Sans oublier l’absurdité de la transplantation de jeunes Africains ou Asiatiques hors de leur propre environnement social et culturel. C’est d’abord sur place, en Afrique, en Orient, en Asie, que les pays européens devraient apporter une aide aux potentiels migrants, en octroyant des moyens significatifs de développement, sous contrôle totalement indépendant des pouvoirs locaux souvent corrompus.

De plus en plus, la coexistence dite multiculturelle entre groupes humains d’origines et de civilisations différentes se montre conflictuelle dans nos pays occidentaux aux multiples fragilités et au consensus social fracturé.  Malgré toutes les initiatives positives d’apprivoisement mutuel, le « vivre-ensemble » a du plomb dans l’aile.

Si les consciences humanistes sont à juste titre interpellées par les recommandations des instances internationales reconnaissant la détresse des réfugiés réellement menacés dans leur pays par la guerre, les violences ou la persécution religieuse, il apparaît que le système mis en place par les passeurs et les ONG ne fonctionne pas selon ces critères précis. Les médias jouent la carte de l’émotionnel auprès des opinions en ciblant des photos impliquant des enfants qui sont pourtant très minoritaires dans les embarcations de migrants.

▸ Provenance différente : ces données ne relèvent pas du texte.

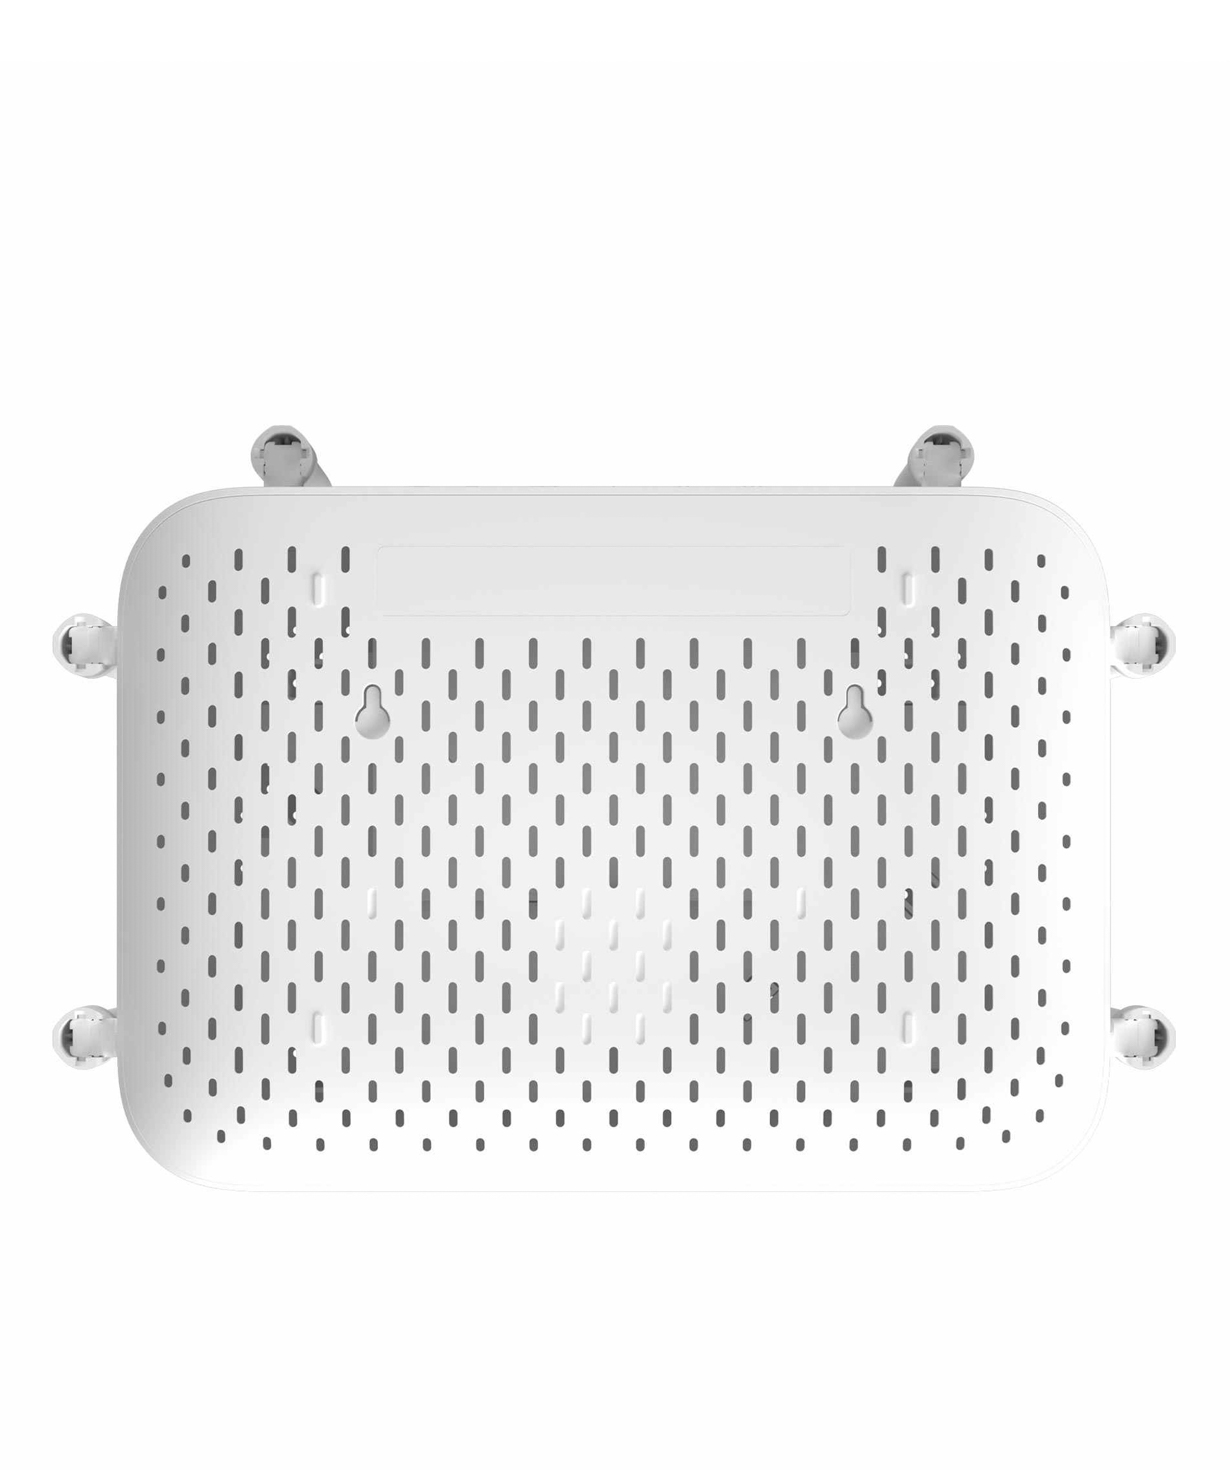 Router  `Xiaomi Redmi AC2100` (white)
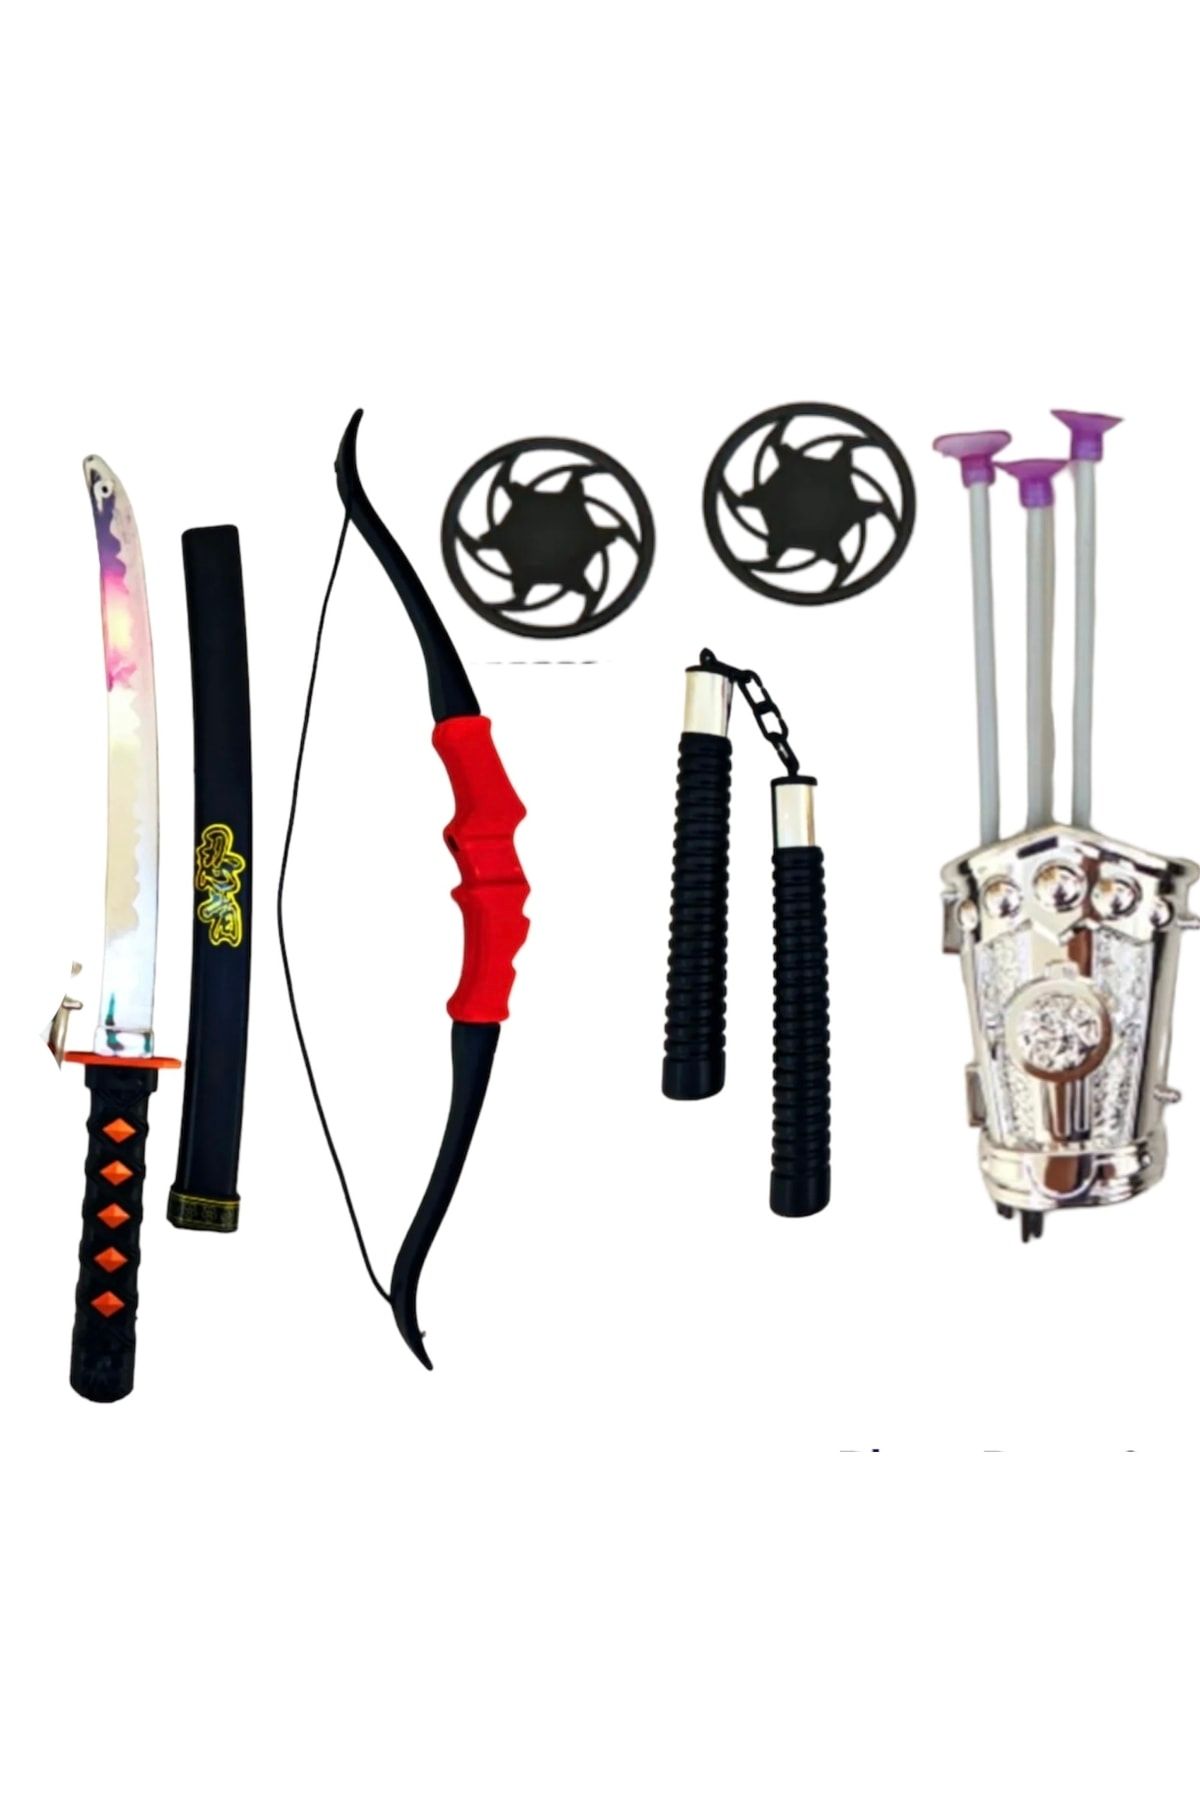 SAZE Ninja Savaş Seti Ok Yay Kılıç Kalkan Mınçıka Ninja Yıldız Fırlatma Bıçağı 10 Parça

Rocard l’avait dit en son temps : impossible d’accueillir toute la misère du monde !

De ce fait, lorsque certains discours, (angélisme gauchiste ou ecclésiastique) tendent à globaliser par avance les mécaniques migratoires, et à écarter d’emblée de manière compassionnelle tout discernement dans les problématiques, cela veut dire qu’on abandonne arbitrairement toute maîtrise des flux grandissants. 

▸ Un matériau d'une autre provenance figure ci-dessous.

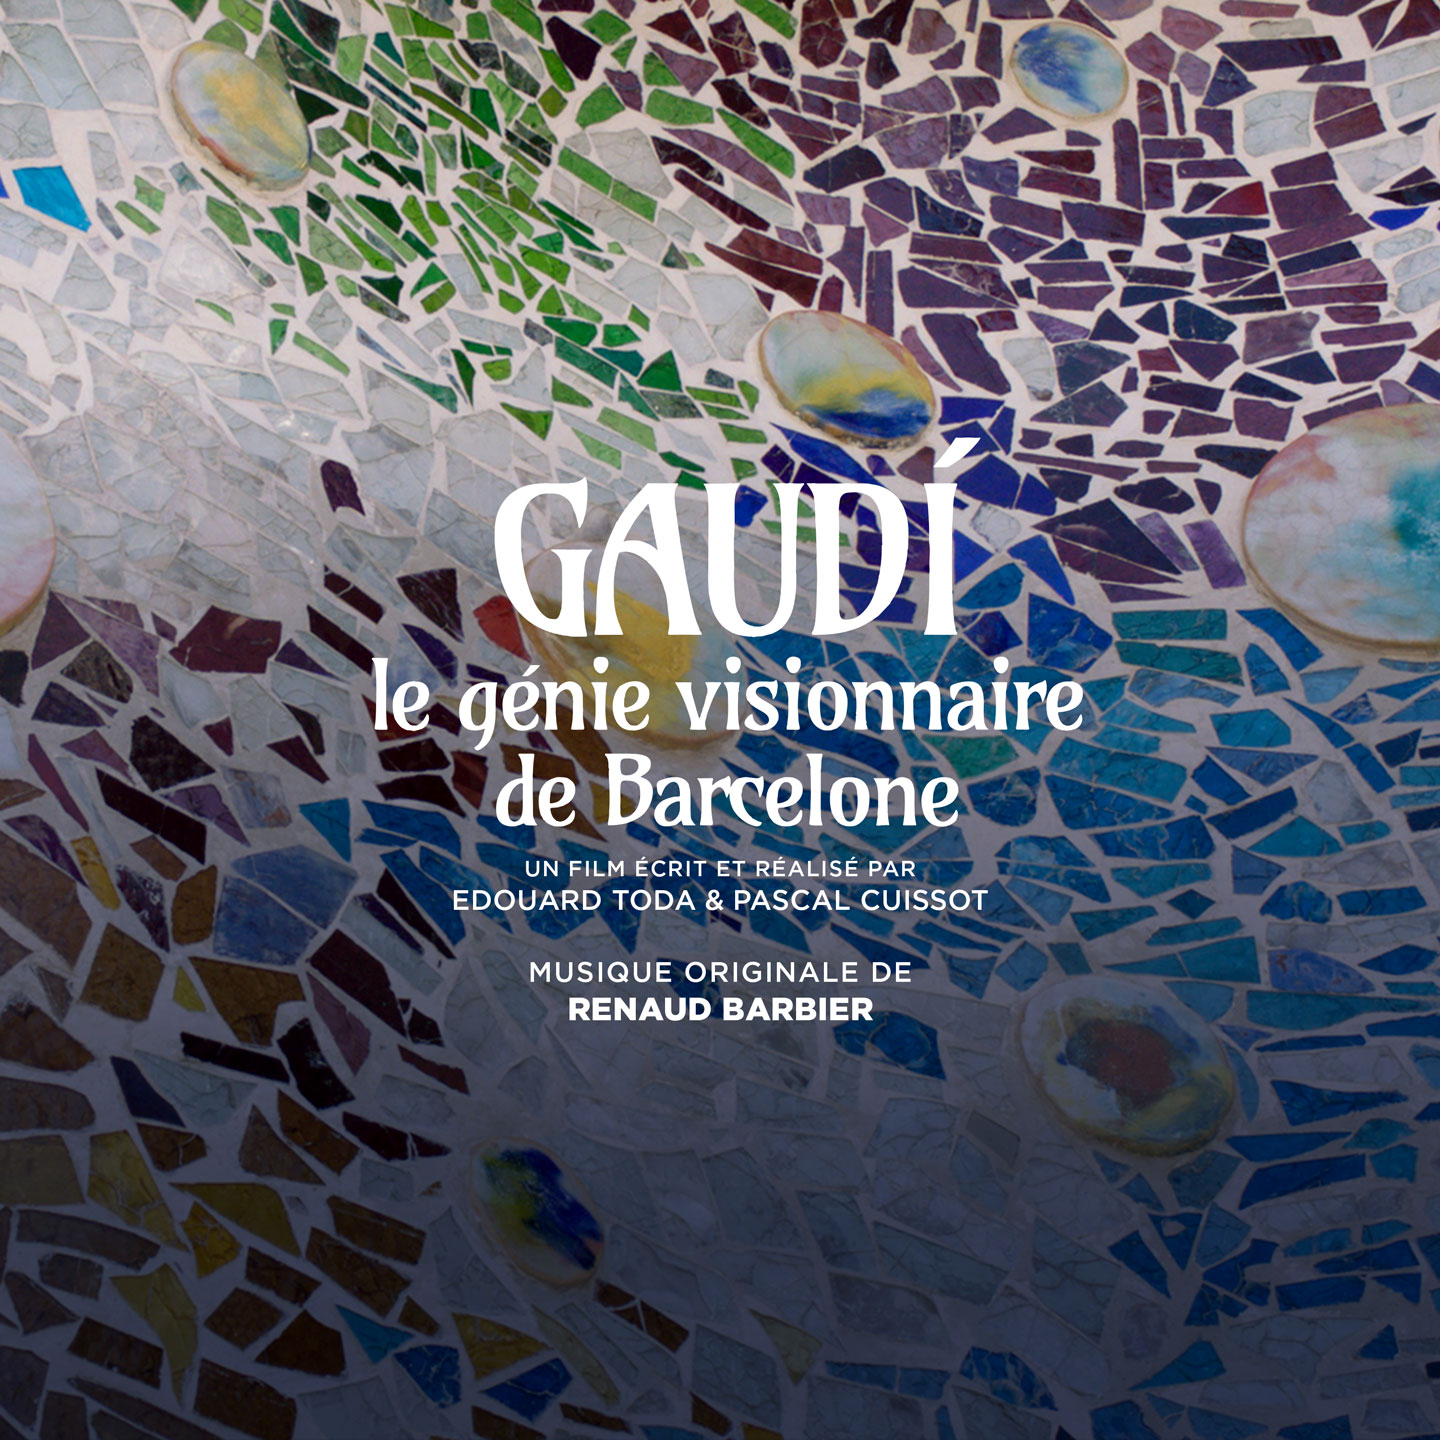 Gaudi, le gnie visionnaire de Barcelone

Peut-on continuer de laisser croire à un accueil inconditionnel et illimité sans analyser ce qui se joue derrière ces transbordements ? S’il est vrai qu’une proportion minime d’individus et de groupes fuient des conjonctures de guerre et de persécution, d’autres – l’immense majorité – viennent tenter leur chance dans des économies généreuses où les aides sociales restent attractives et substantielles.

Ainsi, depuis une quarantaine d’années, des millions d’individus provenant majoritairement de pays musulmans en crise ont migré et se sont installés dans les cités des nations européennes de civilisation judéo-chrétienne. Un tel transfert de population allogène en si peu de temps ne s’était jamais produit auparavant sur le vieux continent.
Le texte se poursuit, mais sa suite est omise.